And XHDR/HDR answers?
(As I see that HEAD is excluded, then so should OVER and HDR...)

And AUTHINFO, as I have just explained in the comments here.
msg120190 - (view) Author: R. David Murray (r.david.murray) * (Python committer) Date: 2010-11-02 00:01
That's not what you opened the bug about, though, according to the title.

I discussed the headers-in-things-other-than HEAD/ARTICLE, and Antoine was of the opinion that they were "supposed" to be utf-8 and that in any case using surrogate escape was good enough in context.  (Headers could also, of course, be MIME transfer encoded, but in that case the header decode will turn them into the correct unicode, assuming they were encoded correctly).

Perhaps this design decision needs to be revisited, but if so you'll need a different example of a problem, and so I think this ticket should remain closed and you should open a new one.

Two new ones, actually, since AUTHINFO is yet a different problem.  And given that the standard you quote specifies bytes without an encoding, there may be *no* solution that works (that is, the standard appears to be broken, since most people expect to be able to use text strings for passwords).
msg120263 - (view) Author: Julien ÉLIE (jelie) Date: 2010-11-02 22:06
David, the headers are not at all supposed to be "utf-8" encoded.
For instance, have a look at the cn.bbs.comp.lang.python newsgroup:

http://groups.google.fr/group/cn.bbs.comp.lang.python

If you look at the source of the articles, you will for instance see that the Subject: header field is not MIME-encoded.  It is directly written in gb2312.

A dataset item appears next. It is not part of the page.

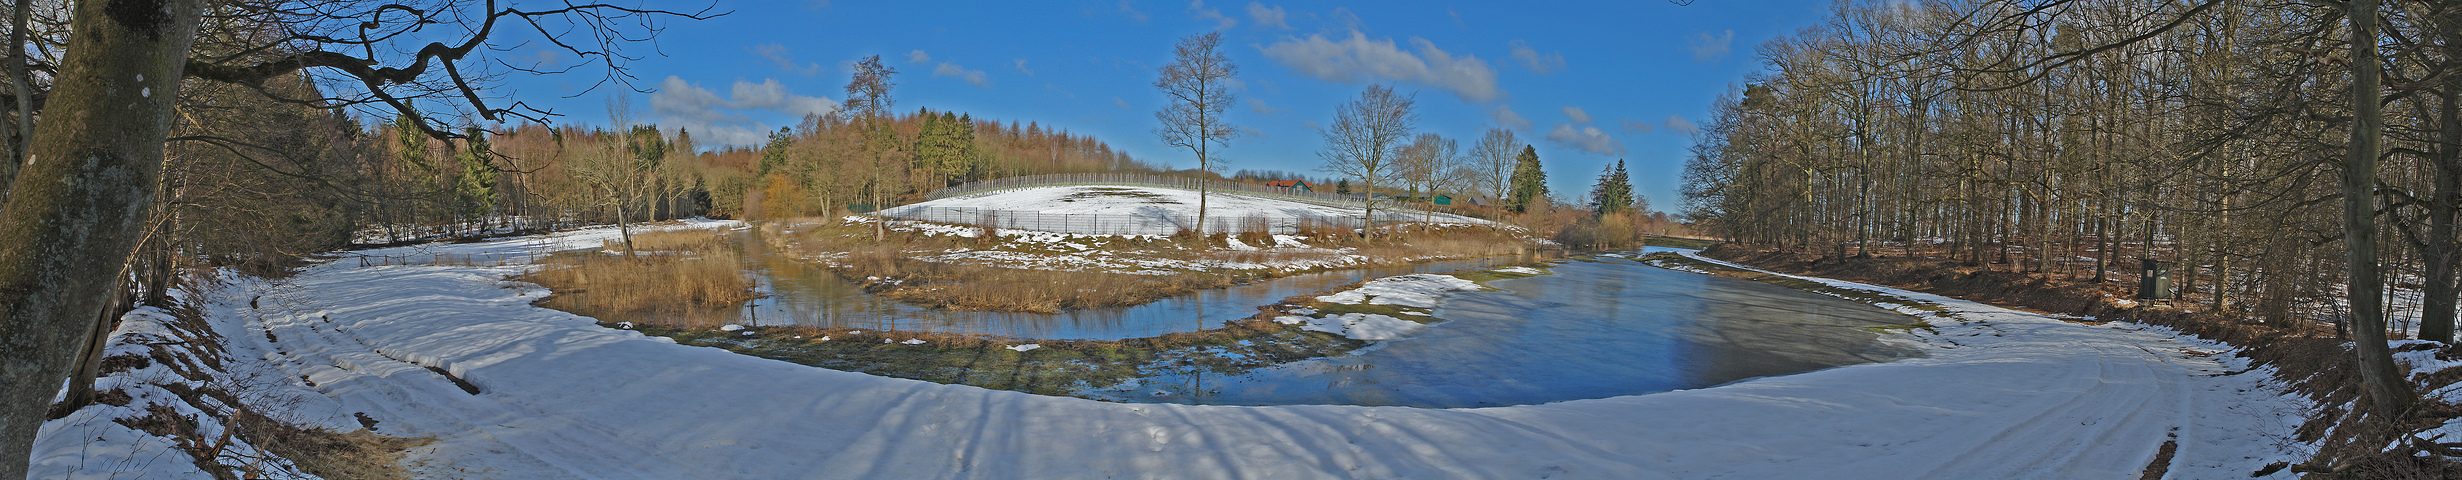 Winterhochwasser am Oberlauf der Kossau bei Altmühlen

That's how news works in the wild.  Please do not break nntplib in Python 3.2!


Regarding AUTHINFO, the specification is not broken at all.  Bytes are expected, not strings in a particular encoding.  Well, most people are in fact confused when they speak about encodings -- me included :-)
The specification is pretty clear:  NNTP expects bytes.  And my text string is "\xC9ric", that's all.  Please also do not break nntplib when providing such strings on class instantiation.
msg120266 - (view) Author: Antoine Pitrou (pitrou) * (Python committer) Date: 2010-11-02 22:14
> And my text string is "\xC9ric", that's all.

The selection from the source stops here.